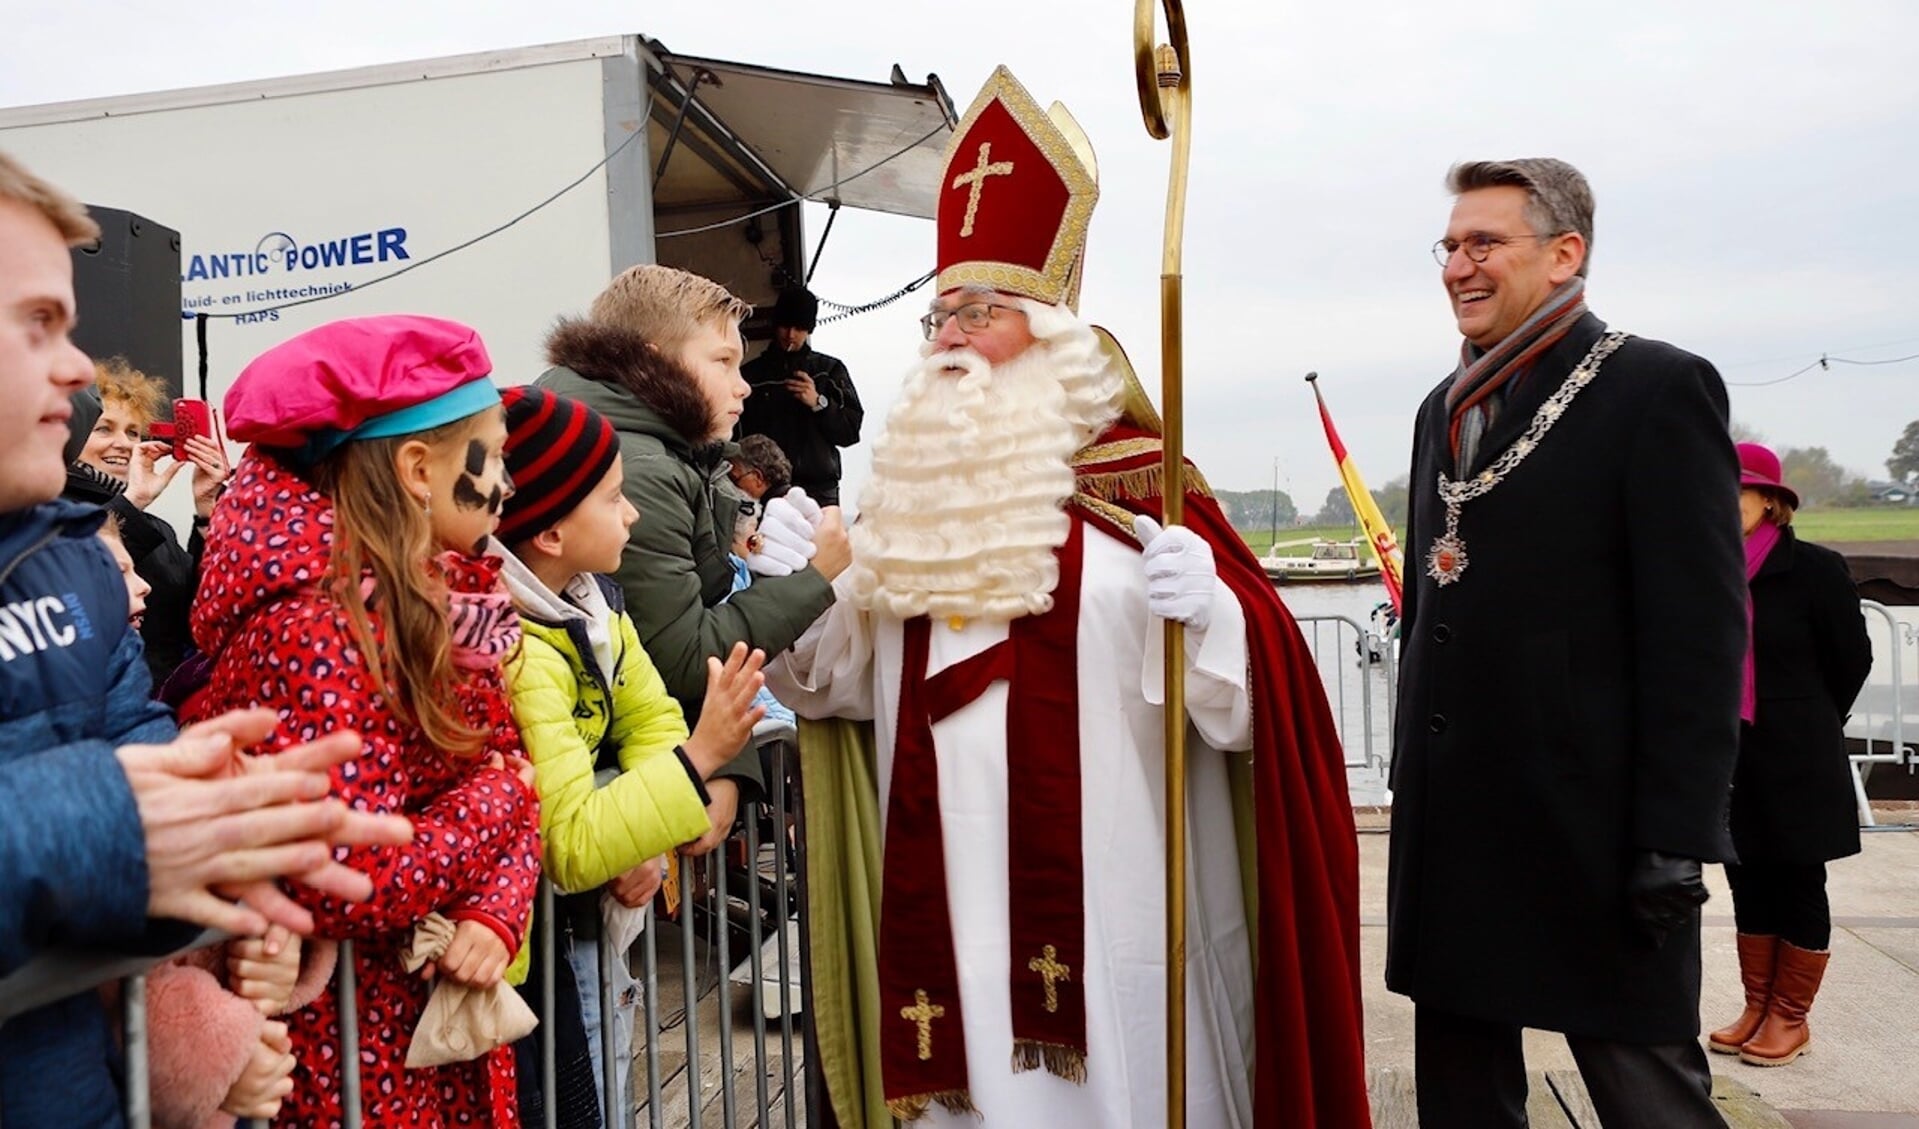 De intocht van Sinterklaas zal dit jaar niet op de traditionele wijze plaatsvinden.
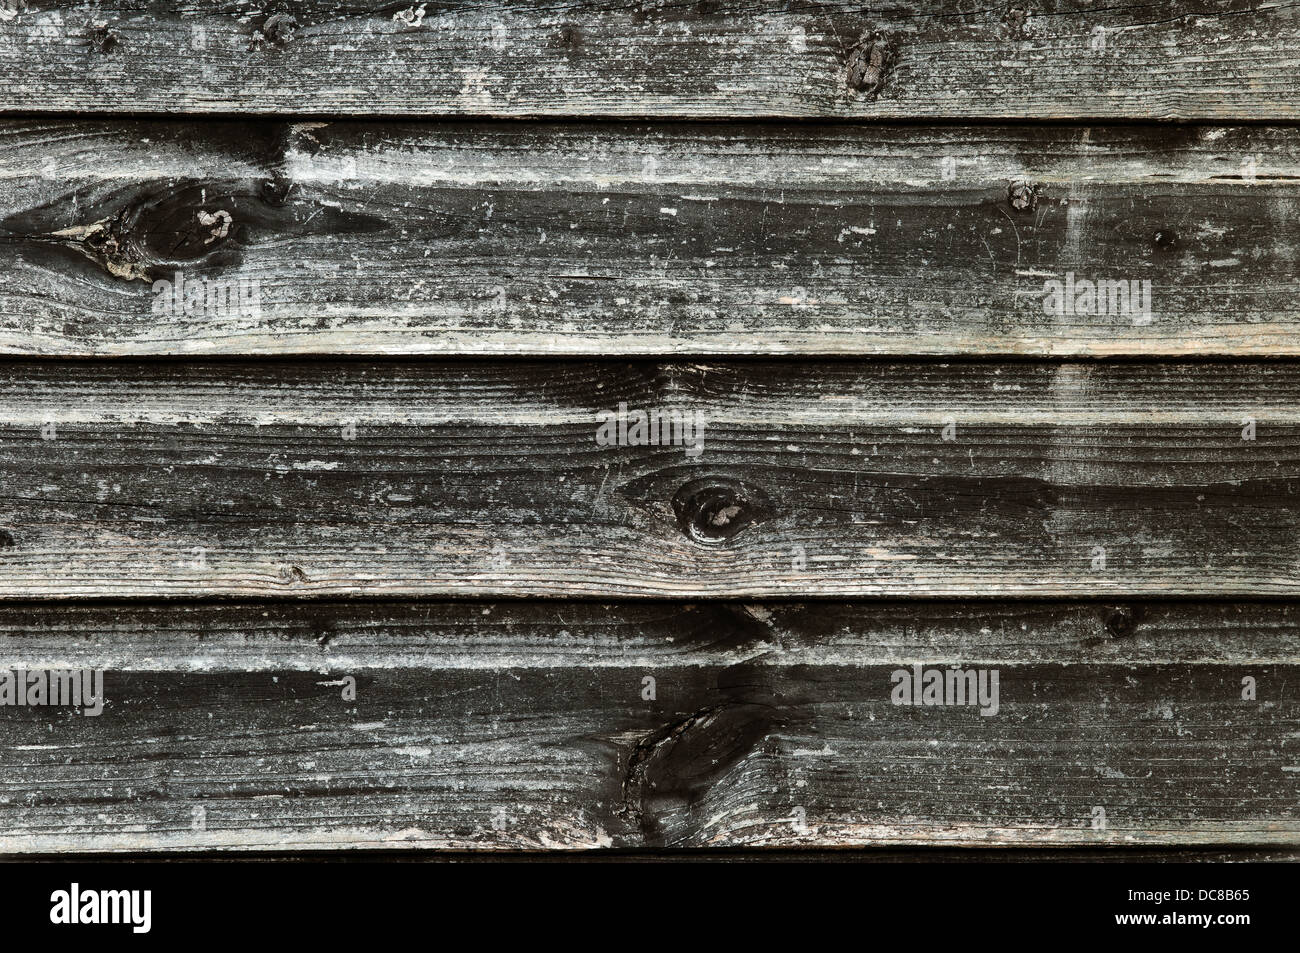 La textura de la madera, con aspecto erosionado, antiguo y oscuro - vintage Foto de stock
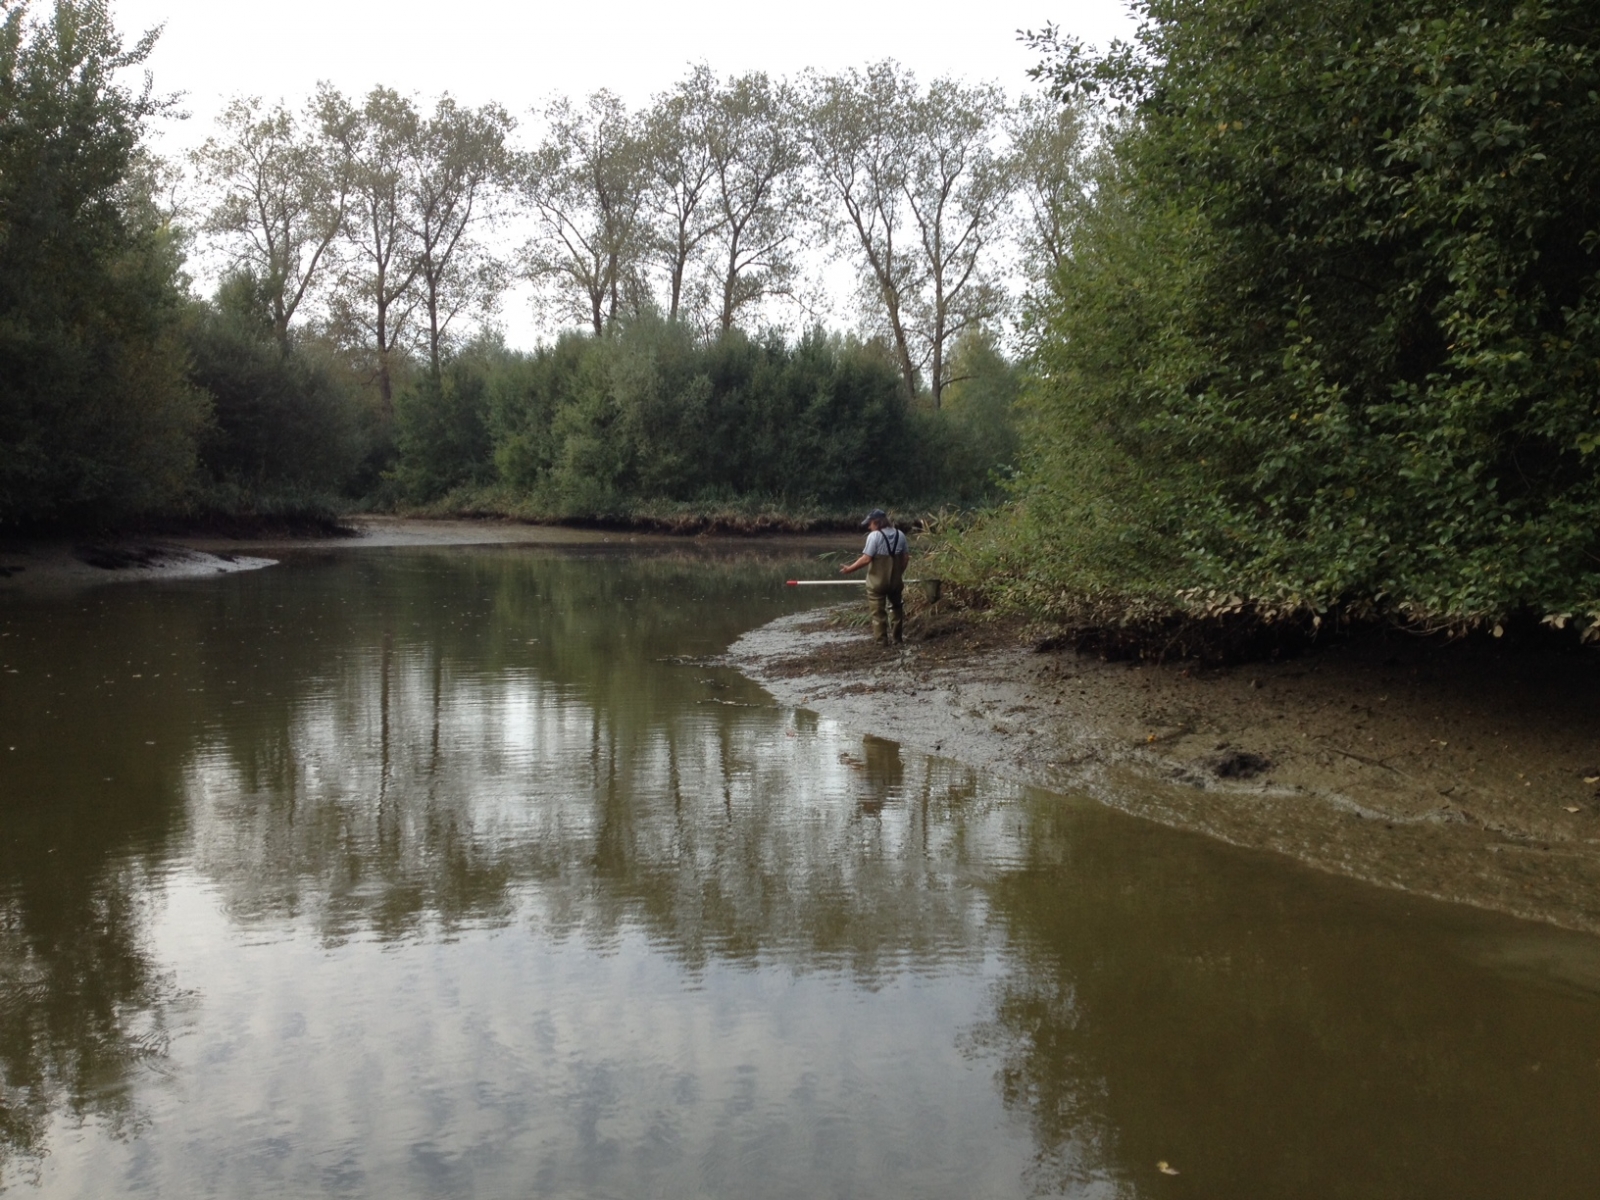 L'étang de Corbat, situé près de Porrentruy, sera revitalisé afin de préserver l'écosystème du site.

***

:: Exercise aim ::
Could you give back the full listing word for word, leaving out the images?

:: Written response ::
 De intocht van Sinterklaas zal dit jaar niet op de traditionele wijze plaatsvinden.
 La textura de la madera, con aspecto erosionado, antiguo y oscuro - vintage Foto de stock
 L'étang de Corbat, situé près de Porrentruy, sera revitalisé afin de préserver l'écosystème du site.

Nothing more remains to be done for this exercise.